Sony Microsoft’s fight for Activision is a full-fledged circus

Sony executive Jim Ryan discusses PlayStation's success on stage in Las Vegas.

photo: Alex Wang (Getty Images)

Over a year after it was first announced, Microsoft’s $69 billion deal with Activision Blizzard is under scrutiny from regulators. It still seems to be creeps towards its unstoppable endbut things get very messy and incredibly silly in the process.

The latest stunt?
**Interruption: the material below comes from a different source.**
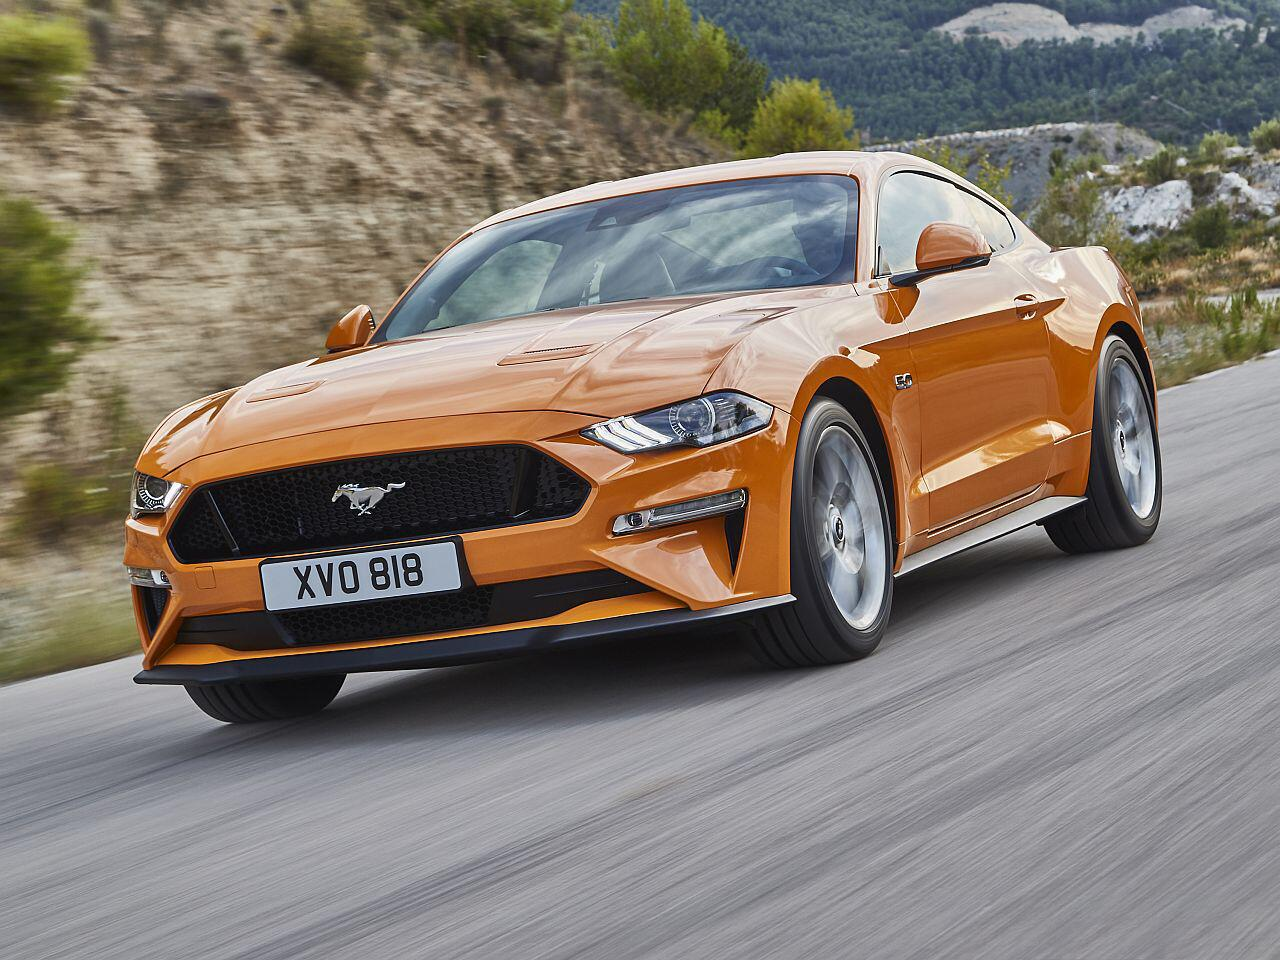 Bild zu Sportwagen für unter 50.000 Euro: Leistung muss nicht immer teuer sein
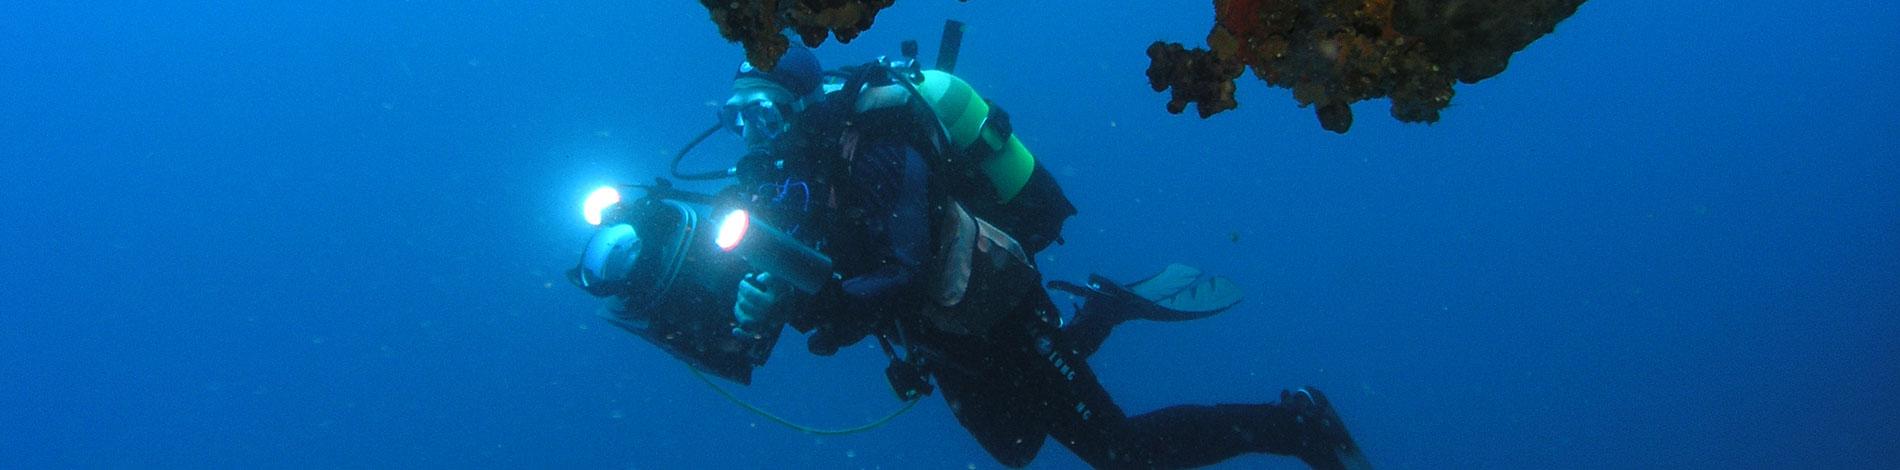 Unterwasser Aufnahmen

Activision’s chief communications officer accused Sony Interactive Entertainment CEO Jim Ryan of refusing to even consider a valid agreement call of Duty on PlayStation for 10 years, apparently hoping to sabotage the greatest tech merger in history.

“I don’t want a new one call of Duty Deal,” Ryan reportedly said at a closed meeting in Brussels, Belgium last month. “I want to block your merger.”

So says Activision’s Lulu Cheng Meservey, who you may remember from previous Twitter threads like Elon Musk critics don’t have to apply (which was recently deleted), Unions are actually badAnd “Sony is “the first of us”.‘ Answering a follow-up question from The edgeTom Warren confirmed that the comment was made on February 21, the day Microsoft and Sony met In camera hearings with EU regulators.

The comment, which Sony has yet to confirm or deny, is both blatant and an unusual breach of hypersecrecy regarding what has become standard practice in the video game industry. Phil Spencer, CEO of Microsoft Gaming pushed open the door last fall when he told it The edge that his company had previously made a proposal to Sony to extend his current contract call of Duty to PlayStation. “I had no intention of commenting on what I took to be a private business discussion,” Ryan replied at the time. Meservey’s tweet yesterday was the equivalent of kicking down that door.

Continue reading: Everything that happened in the Microsoft Activision merger saga

It’s also just the latest move in a preposterous game by two tech giants vying for their position in the global gaming market by attempting to work the arbiters. The British Competition and Markets Authority, which Microsoft is accused of to be in Sony’s pocketsuggested last month to just buy every part of Activision Blizzard except that call of Duty one.

Microsoft recently responded with proposed deals to bring the blockbuster franchise to Switch and keep it on PlayStation at least 10 years. Sony countered that nothing could be stopped call of Duty from being more buggy on PlayStation than Xbox if Microsoft owns it. said microsoft well uh. Activision Blizzard CEO Bobby Kotick said the UK would “death valleyy” if it messes up the deal.

Meanwhile in the EU, Reuters recently reported that Microsoft seems poised to prevail while in the US the Federal Trade Commission still is prepares its antitrust lawsuit this appears to be designed more to extort concessions than to wreck the merger entirely. And in other big markets like Brazil, Microsoft has already established itself.

This entire process was insightful and useful in that it forced companies to reveal things they would never otherwise have, including Game Pass cannibalizes some sales on Xbox, and that Sony does not think Electronic Arts battlefield will ever really be able to compete with call of Duty. But it was also ridiculous Sideshow how much it’s about a single game and a few metrics like console market share.

Last years Modern Warfare II proved that the multiplayer shooter series remains incredibly popular and profitable. At the same time, video games have shown time and time again how foolhardy and dangerous it is to predict what gamers will want in five years. The Xbox 360 ate the PS3’s lunch. Sony returned the favor with the PS4. Everyone thought Nintendo would go out of business after the Wii U. The Switch is now the best it’s ever made. Hey wait, I have an idea. What if Microsoft just made the Switch 2 instead of Activision Blizzard?

Sony, Microsoft and Activision did not immediately respond to requests for comment.